Dans un autre registre, comme on le sait, je suis porte-parole du Bloc québécois en matière de coopération internationale et vice-président du Sous-comité des droits internationaux de la personne du Comité permanent des affaires étrangères et du développement international. Par conséquent, on comprendra que je suis fortement interpellé par la section 6 du projet de loi C-30 concernant la loi de Sergueï Magnitski. L'article 7 de cette loi, qui oblige les banques, les compagnies d'assurances et les sociétés de prêts à communiquer mensuellement certains renseignements, sera modifié par le projet de loi C-30 pour rendre cette obligation trimestrielle, ce que je m'explique plutôt mal. C'est à mes yeux un allégement des obligations des institutions financières et un recul pour les droits de la personne. Cela n’aide en rien à appliquer la loi ou à renforcer les activités de contrôle, alors qu'on sait parfaitement que ces rapports sont d'une importance primordiale pour l'efficacité de la loi. J'espère que mes honorables collègues auront des réponses à ce sujet.

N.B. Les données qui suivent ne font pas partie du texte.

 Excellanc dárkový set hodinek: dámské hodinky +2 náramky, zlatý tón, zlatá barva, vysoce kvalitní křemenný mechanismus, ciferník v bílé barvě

En ce qui concerne la section 9, je dois dire que je suis bien perplexe de voir que le projet de loi C-30 supprime l'obligation de faire approuver par le surintendant des institutions financières la modification de régimes de retraite interentreprises dont les cotisations de l'employeur sont fixées par un accord avec les employés. Je vais me retenir de souligner à gros traits que l'ancien ministre des Finances aurait probablement aimé y penser lui-même. Blague à part, qu'est-ce qui justifie d'abaisser nos exigences spécifiquement pour ce type de régime de retraite? Est-ce que les régimes de pension des grandes entreprises ont des problèmes de capitalisation? Est-ce que la bourse va si mal que les régimes de retraite ont des problèmes de solvabilité qui nécessitent un assouplissement législatif? Cette section du projet de loi me donne l'impression que le gouvernement retranche un garde-fou important qui assure la solvabilité des régimes de retraite. Le gouvernement devra nous éclairer tôt ou tard sur ce sujet.

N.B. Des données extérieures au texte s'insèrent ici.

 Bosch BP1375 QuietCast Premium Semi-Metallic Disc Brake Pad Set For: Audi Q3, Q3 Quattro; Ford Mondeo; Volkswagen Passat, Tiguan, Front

Le temps file, mais je m'en voudrais de ne pas parler de la section 24 du projet de loi C-30. Je salue le fait qu'on veuille donner davantage de temps aux parents d'enfants décédés ou disparus afin qu'ils puissent réorganiser leur vie et affronter la tragique réalité qu’est la mort d'un enfant. Toutefois, je trouve décevant que le gouvernement accepte de doubler les prestations dans ce cas-ci, mais refuse de le faire pour les prestations de maladie de l'assurance-emploi, un sujet sur lequel j'ai eu l'occasion de prendre la parole il y a deux semaines.
Je ne peux pas être contre le fait de faire augmenter à moins de 25 ans l'âge de l'enfant décédé ou disparu pour lequel le parent aura droit à ces prestations et je ne peux pas être contre le fait de faire passer la durée maximale des prestations de 52 à 108 semaines. Cependant, une question demeure et il serait important que le gouvernement apporte des précisions: est-ce que les parents séparés ont tous deux droit à ces prestations ou est-ce la garde qui détermine l'admissibilité? Il serait important de le savoir parce que c'est un cas de figure qui se présente de plus en plus souvent chez les familles québécoises et canadiennes.
En terminant, le budget mentionne et vante à de multiples reprises le système québécois de garderies, duquel il dit s'inspirer. La mention d'une entente asymétrique avec le Québec est bien, mais il faut que cette entente se traduise par une compensation complète et sans condition du total du coût des mesures du programme. Ces sommes pourraient aider à la relance économique ou encore le système de santé, toujours sous-financé à cause du laxisme du fédéral. Ce programme pancanadien de services de garde se veut une autre ingérence fédérale et ne saurait être considéré autrement.